My tips for having more laundry than you'll ever be able to wash:

1. Be a girl who likes clothes, thereby owning a lot of them. Preferably they should be all different categories so that you need to change clothes multiple times a day (work, casual, workout, etc.) Also, keep clothes forever, even that skirt that you could now only wear as a legwarmer.

2. Don't choose an outfit the night before. This is a foolish way to save valuable time. You're much better off waiting till the morning, when your brain is half asleep and you have no spare time to hunt for missing shoes or bras that aren't neon-colored and show through your tops.

3. Try on every conceivable item in your closet before deciding on an outfit.

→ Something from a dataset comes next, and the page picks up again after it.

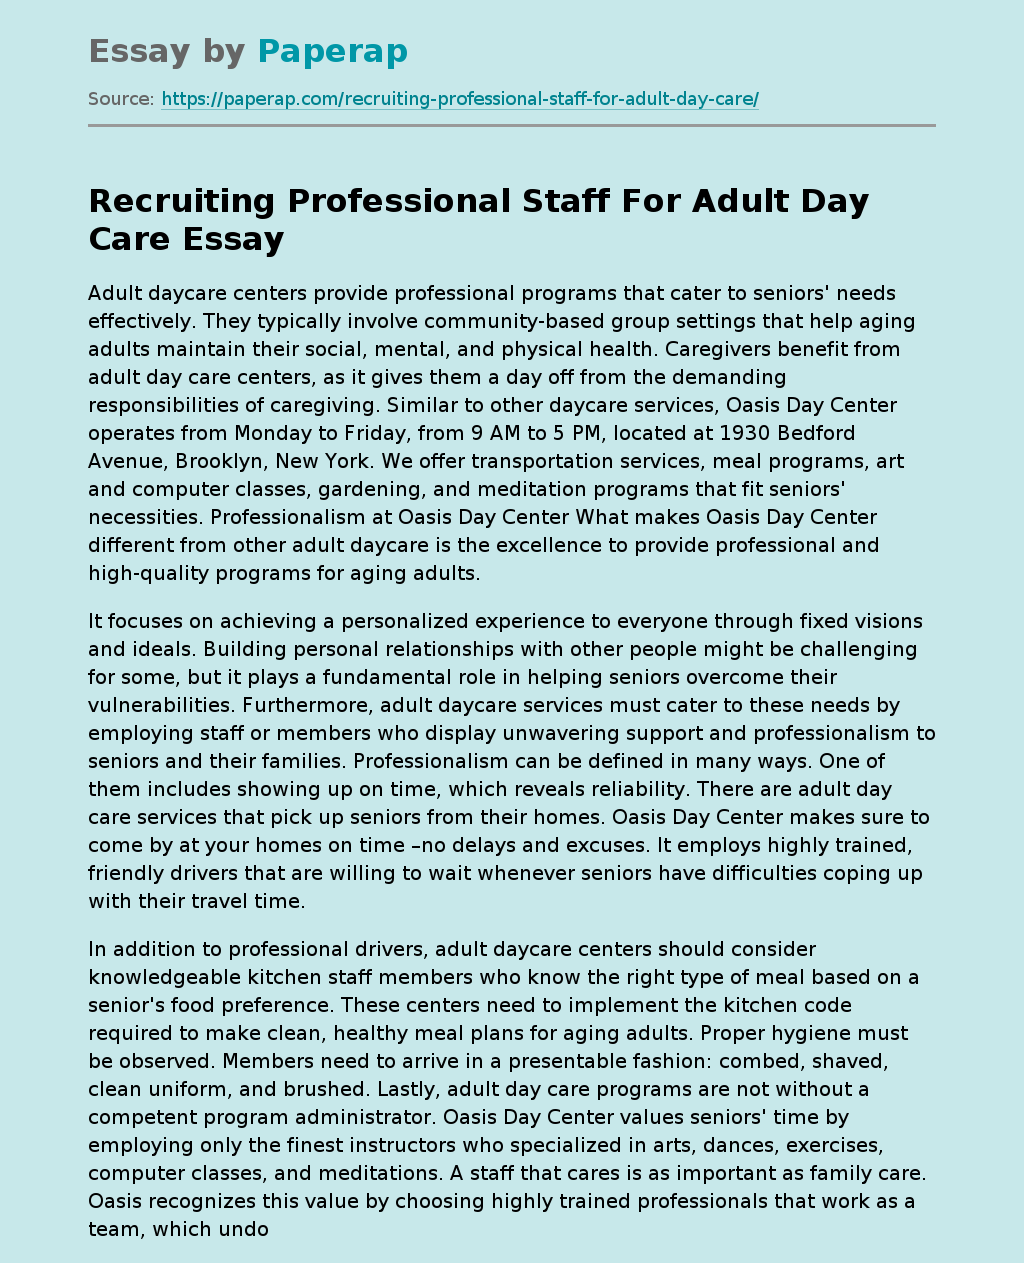 Recruiting Professional Staff For Adult Day Care

Don't be afraid to try on summer items in the winter, or clothes that haven't fit since college. These disasters will instill you with a healthy dose of self-loathing that will get your morning started right.

4. As you nix outfit after outfit, throw everything in heaps on the floor in a trail leading from your bedroom to your bathroom and back again. It is your pants' fault that you are 2 sizes larger than them; don't think that taking your anger out on the pants is a waste of time - it isn't! Show those pants who's boss by refusing to put them back on a hanger!

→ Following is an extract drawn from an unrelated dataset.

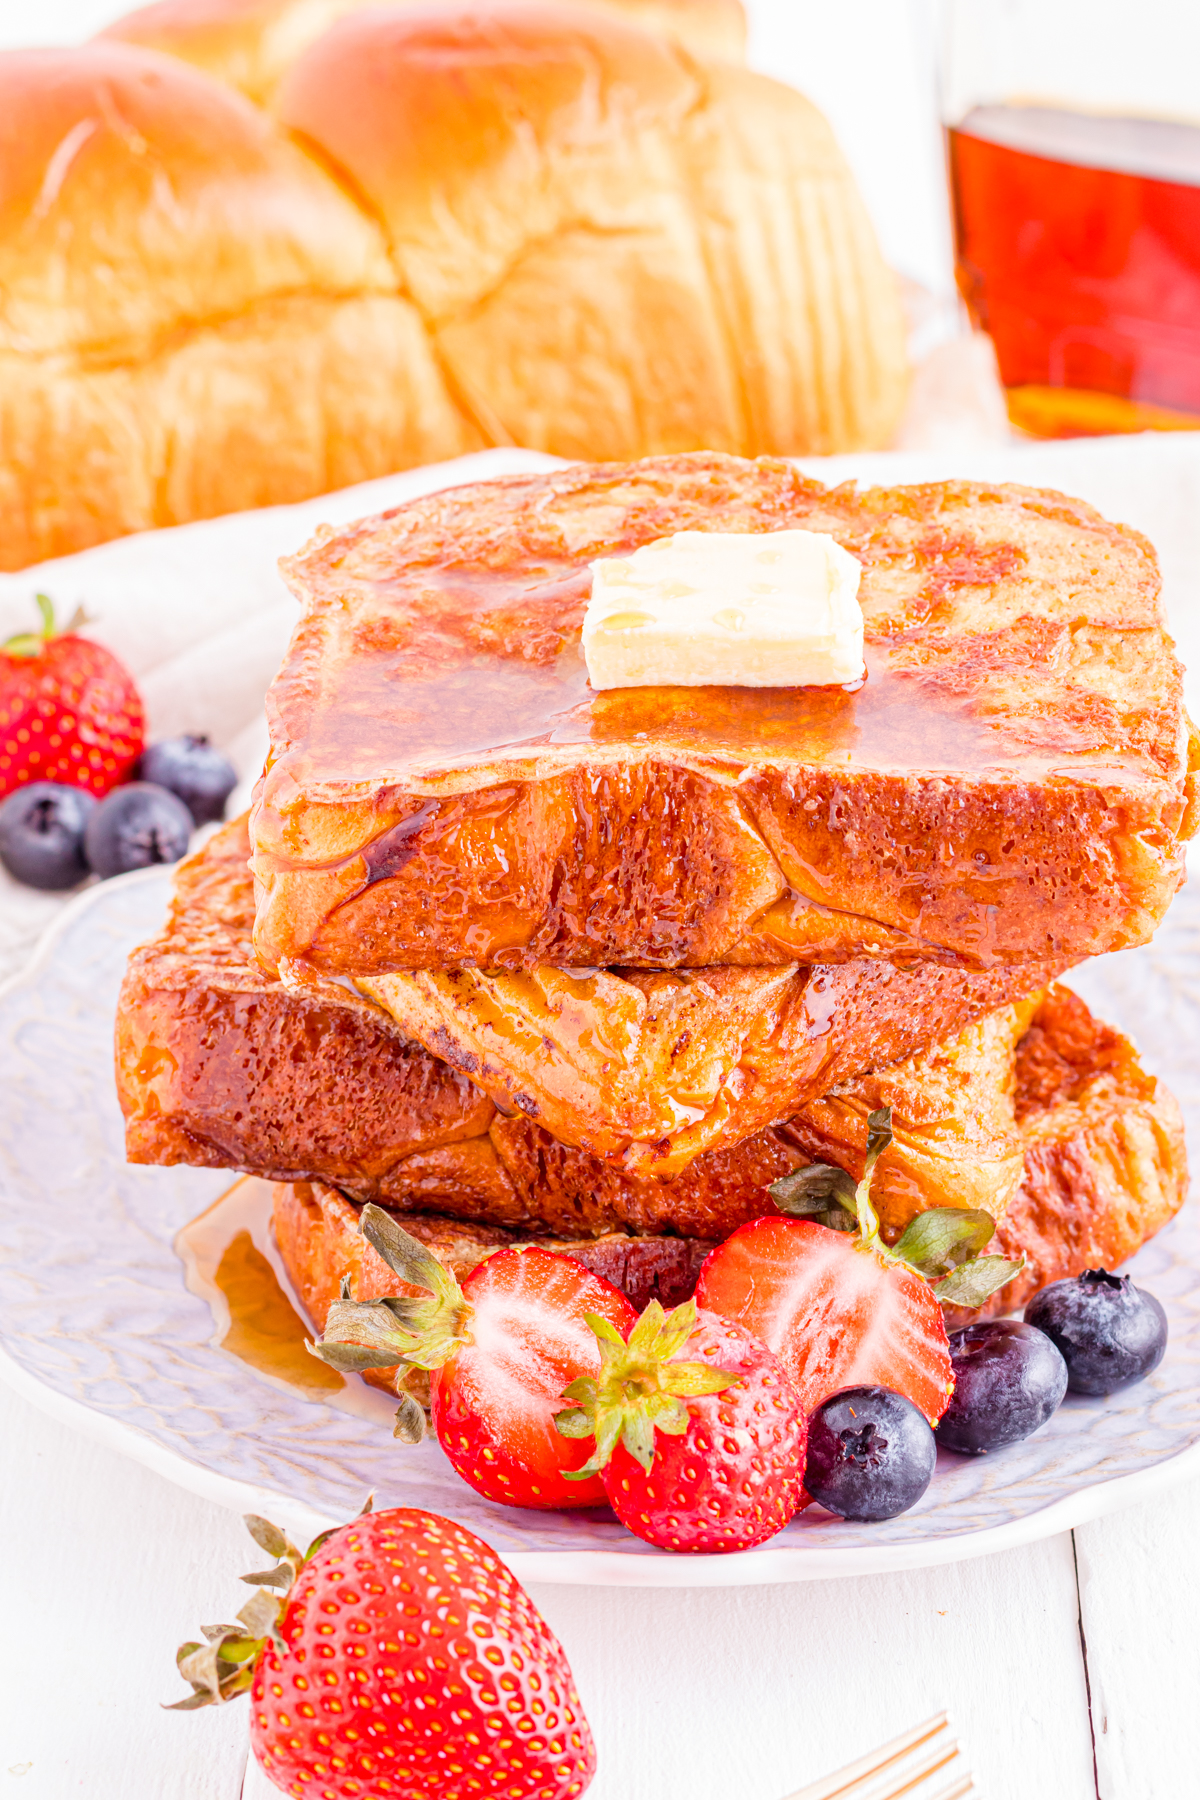 Brioche french toast on plate with berries.

5. When returning from work, discard worn clothes in a pile on the floor. You are way too tired to worry about putting them in a laundry hamper right now. Just find your sweatpants and collapse in front of the TV.

6. Return to the pile days later. With any luck, you have now forgotten which clothes are actually dirty and which clothes are just try-on rejects. Even better, your clean clothes should be sufficiently wrinkled now as to warrant washing even if they weren't originally dirty.

7. Bask in your laundry nightmare as it not only becomes a cycle, but, due to shrinking availability of clothes on hangers, actually becomes worse with time!

2 comments:

  1. have you been spying on me. THIS IS MY LIFE!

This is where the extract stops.